To leverage CSV files to Linked DataFootnote 1, it is necessary to (1) classify CSV columns based on its content and context against existing knowledge bases (2) assign RDF terms (HTTP URLs, blank nodes and literals) to the particular cell values according to Linked Data principles (HTTP URL identifiers may be reused from one of the existing knowledge bases), (3) discover relations between columns based on the evidence for the relations in the existing knowledge bases, and (4) convert CSV data to RDF data properly using data types, language tags, well-known Linked Data vocabularies, etc.

To introduce an illustrative example of leveraging CSV files to Linked Data, if the published CSV file would contain names of the movies in the first column and names of the directors of these movies in the second column, the leveraging of CSV files to Linked Data should automatically (1) classify first and second column as containing instances of classes ‘Movie’ and ‘Director’ respectively, (2) convert cell values in the ‘movies’ and ‘directors’ columns to HTTP URL resources, e.g., instead of using ‘Matrix’ as the name of the movie, URL ‘http://www.freebase.com/m/02116f’ may be used pointing to Freebase knowledge baseFootnote 2 and standing for ‘Matrix’ movie with further attributes of that movie and links to further resources, and (3) discover relations between columns, such as relation ‘isDirectedBy’ between first and second columnFootnote 3.
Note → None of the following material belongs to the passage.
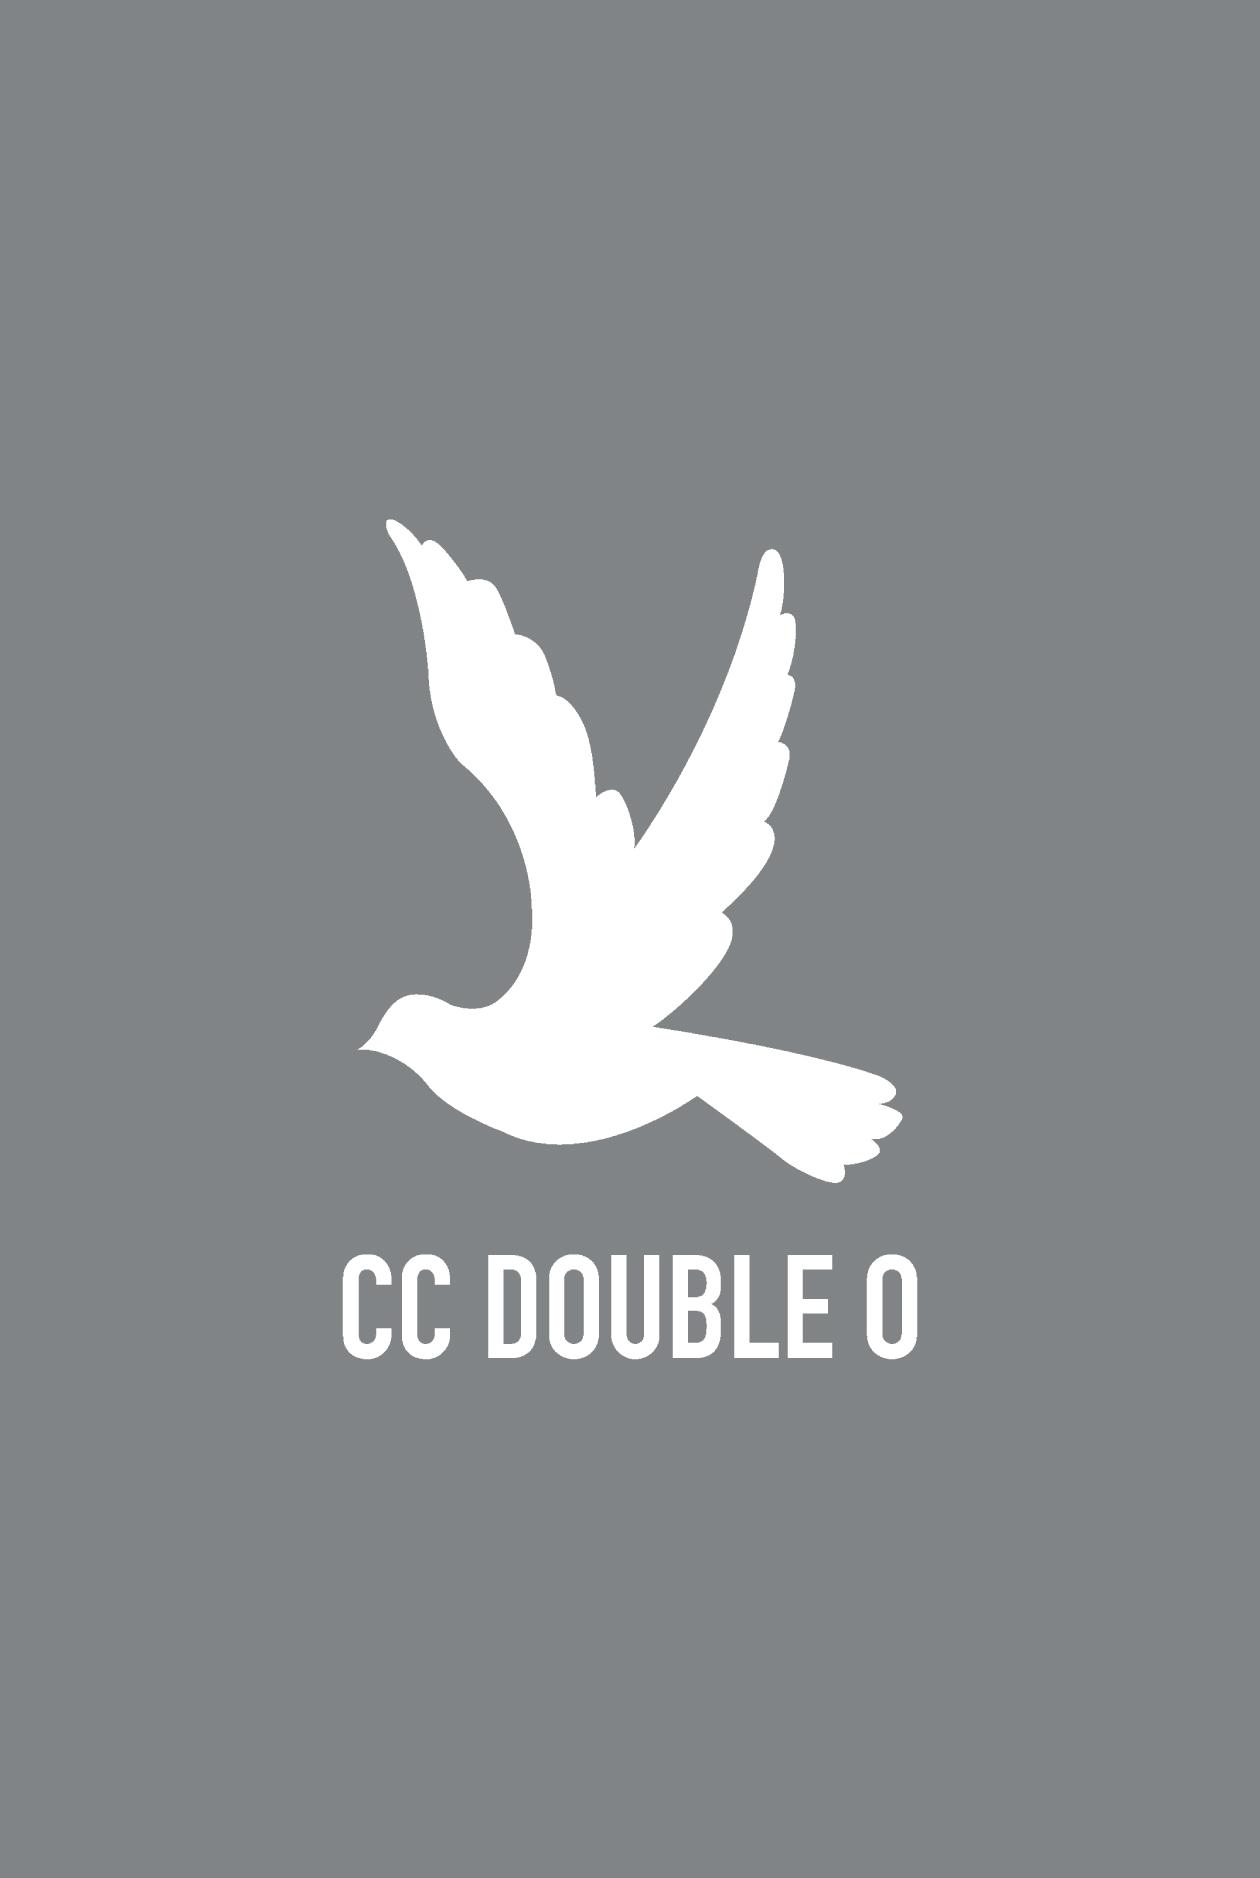 Bird Logo Long-Sleeved Polo with CC DOUBLE O Badge Detail
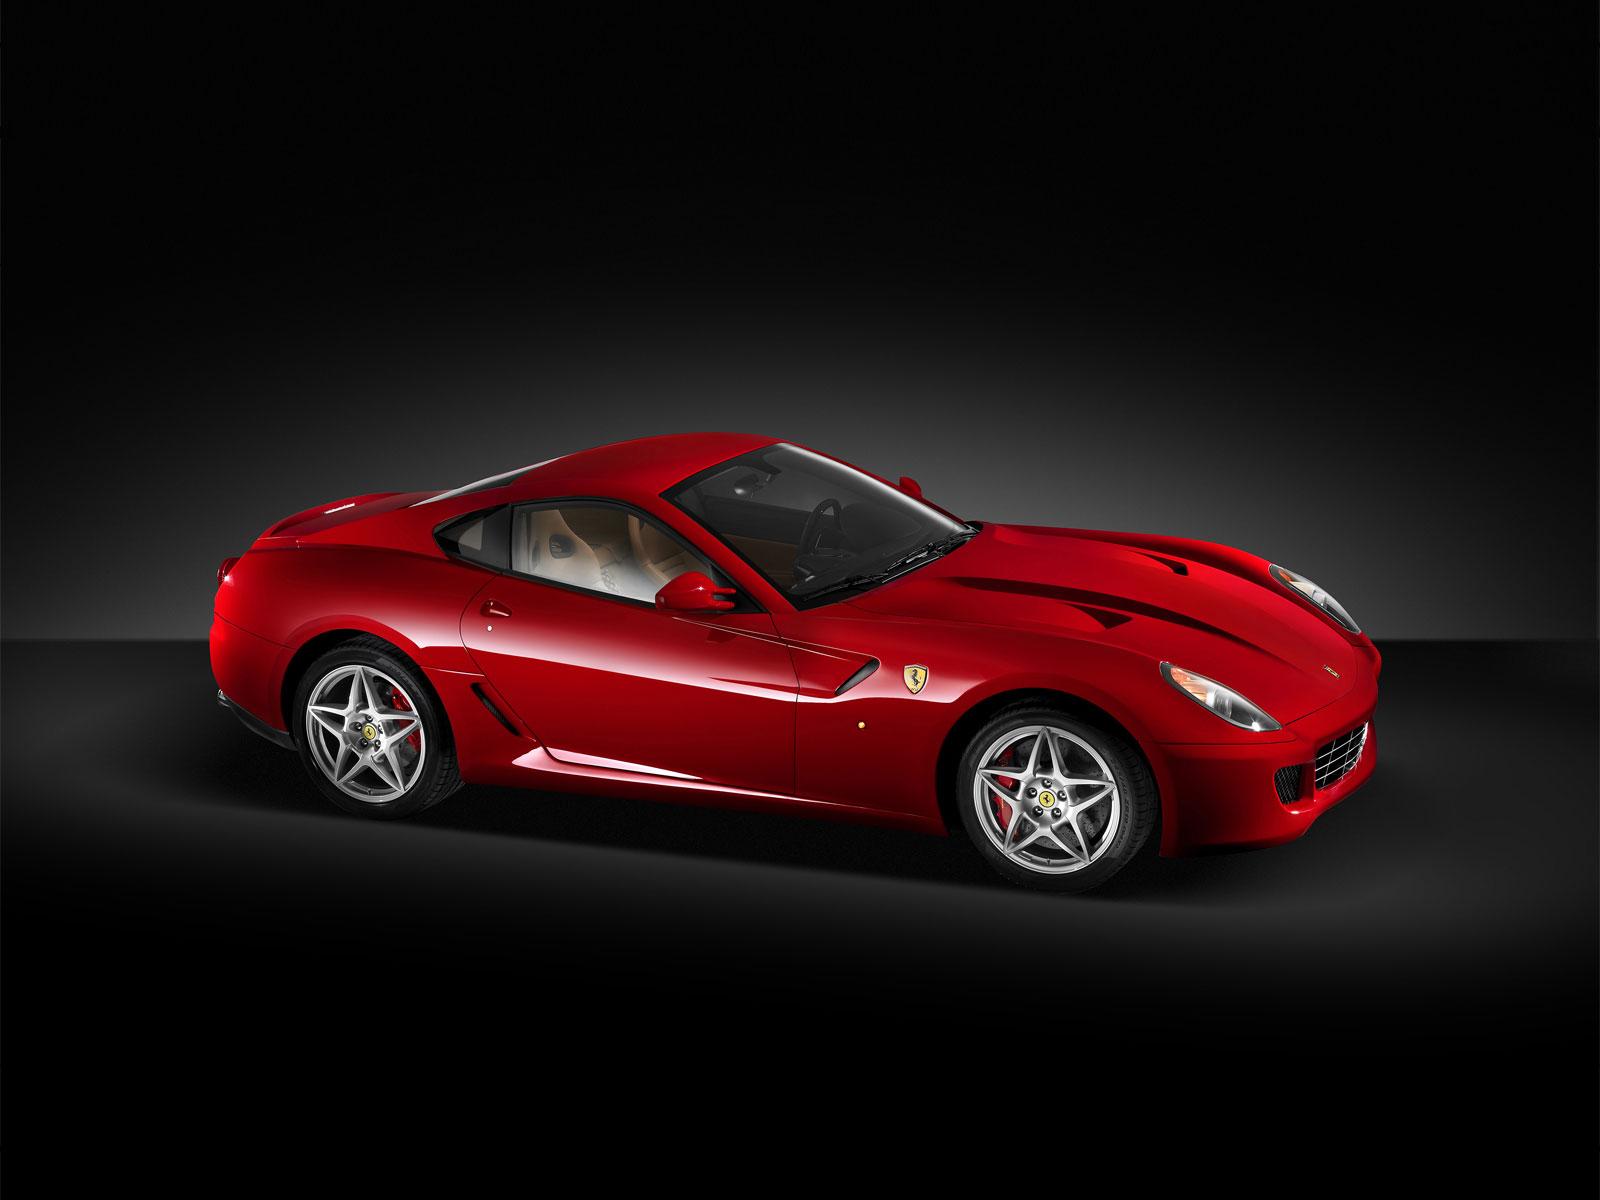 http://images.caradisiac.com/images/0/9/6/7/10967/S0-Ferrari-F599-GTB-Fiorano-une-orgie-de-photos-HD-55845.jpg

In this paper, we focus on the CSV files available at two Austrian data portals – http://www.data.gv.at and http://www.opendataportal.at. The first one is the official national Austrian data portal, with lots of datasets published by the Austrian government. Our goal is not to find a solution, which automatically leverages tabular data to Linked Data, as this is really challenging and we are aware of that, but our goal is to help data wranglers to convert tabular data to Linked Data by suggesting them (1) concepts classifying the columns and (2) entities the cell values may be disambiguated to. To realize these steps, we evaluate TableMiner+, an algorithm for (semi)automatic leveraging of tabular data to Linked Data. By successfully classifying columns and disambiguating cell values, we immediately increase the quality of the data along the interlinking quality dimension [9].

The main contributions of this paper are lessons learned from evaluating TableMiner+ to classify columns and disambiguate cell values in CSV files obtained from the national Austrian open data portal. In [10], they also evaluate TableMiner+, nevertheless, (1) they do not evaluate TableMiner+ on top of CSV files and (2) they do not evaluate TableMiner+ on top of governmental open data, containing, e.g., lots of statistical data.

The rest of the paper is organized as follows. Section 2 discusses possible approaches for leveraging tabular data to Linked Data and justifies selection of TableMiner+ as the most promising algorithm for leveraging CSV files to Linked Data. Section 3 evaluates TableMiner+ algorithm on top of the data obtained from the national Austrian data portal. Section 4 summarizes lessons learned and we conclude in Sect. 5.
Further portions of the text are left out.